SPB Software Inc.
- Industry: Mobile application development
- Founded: 1999; 27 years ago
- Key people: Sebastian-Justus Schmidt (CEO) Vassili Philippov (COO) Yaroslav Goncharov (CTO) Juggs Ravalia (VP) Olga Steidl (CMO)
- Products: user interfaces for mobile devices, system, communication, business, multimedia software, games
- Parent: Yandex
- Website: www.spbsoft.com

= SPB Software =

Russian IT company

SPB Software, a division of Yandex, is a Russian IT company which operates the largest search engine in Russia. In November 2011, Bloomberg Businessweek reported that Yandex acquired SPB Software after its own initial public offering debuted on the NASDAQ as the fourth largest IPO of 2011.
SPB Software's most popular solution, the SPB Shell 3D, has been described by The New York Times as an application that makes for a much more user-friendly phone. SPB Shell 3D utilizes SPB Software's SPB UI Engine, a cross-platform modular plugin for building hyper-realistic 3D interfaces on a variety of devices. The SPB UI Engine is written in native C++. SPB also develops software running on Android, iOS, Symbian, Bada, BlackBerry, Maemo, MeeGo, webOS, Windows Phone 7, and the Windows Mobile operating systems.

==History==

===Formation===
Formed in Saint Petersburg, Russia, in 1999, the company was named SPB Software House, but removed the word "House" in 2008. The company released its first mobile application in 2001 and went on to win the Pocket PC Developer Of The Year Award 2003 by Handango. The company subsequently won the same award from Handango in 2006, 2007, and 2009. SPB Software went on to develop mobile apps for a variety of platforms and expanded its title lineup to include games, utility apps and mobile OS shells. SPB Software is now developing apps for all of the major mobile phone manufacturers. SPB Software also works with phone makers and mobile operators in various countries to develop customized versions of its software and optimized applications for particular devices.

===Acquisition===
On November 28, 2011, Bloomberg Businessweek reported that Yandex NV, operator of Russia’s most popular Internet search engine, acquired SPB Software "to expand mobile products and the use of its search capabilities on mobile devices." The CEO of SPB Software, Sebastian-Justus Schmidt, was appointed as EVP Mobile and General Manager by Yandex.

==Products==

===Games===
SPB Software has released an assortment of games for smartphones and mobile devices.

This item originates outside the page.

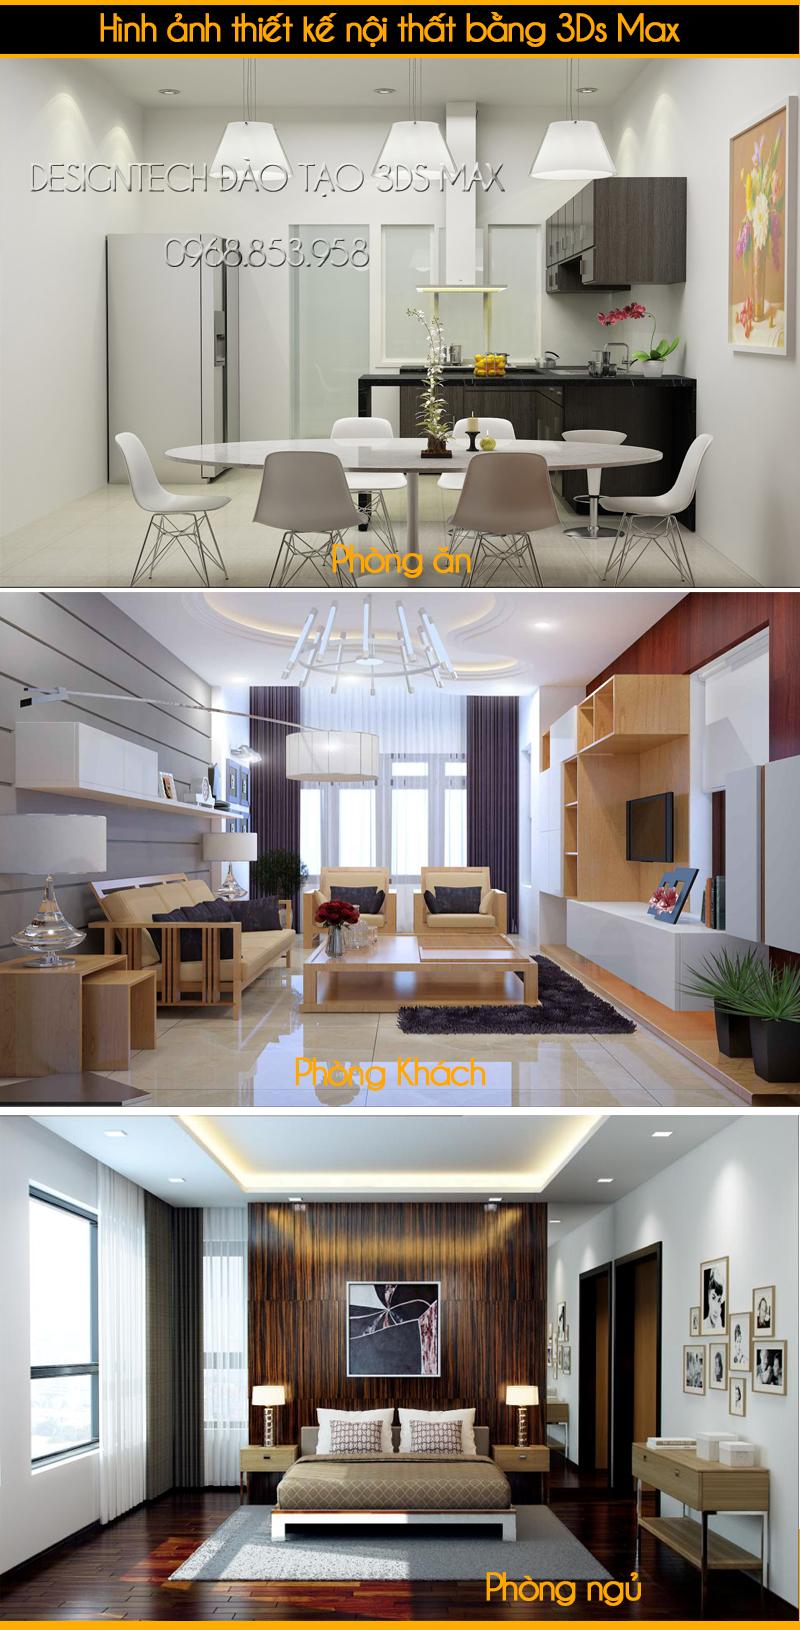 Khóa học dựng hình 3Dsmax và vray tại Hà Nội

SPB Brain Evolution was named the bestselling Windows Mobile game of 2008 and as the Best Casual Game of 2009 by the online mobile software store Handango.

==Headquarters==
SPB Software's development headquarters are located in Saint-Petersburg, Russia. Financial Headquarters are located in Hong Kong. The firm also has offices in USA, Brazil, Taiwan, and Thailand.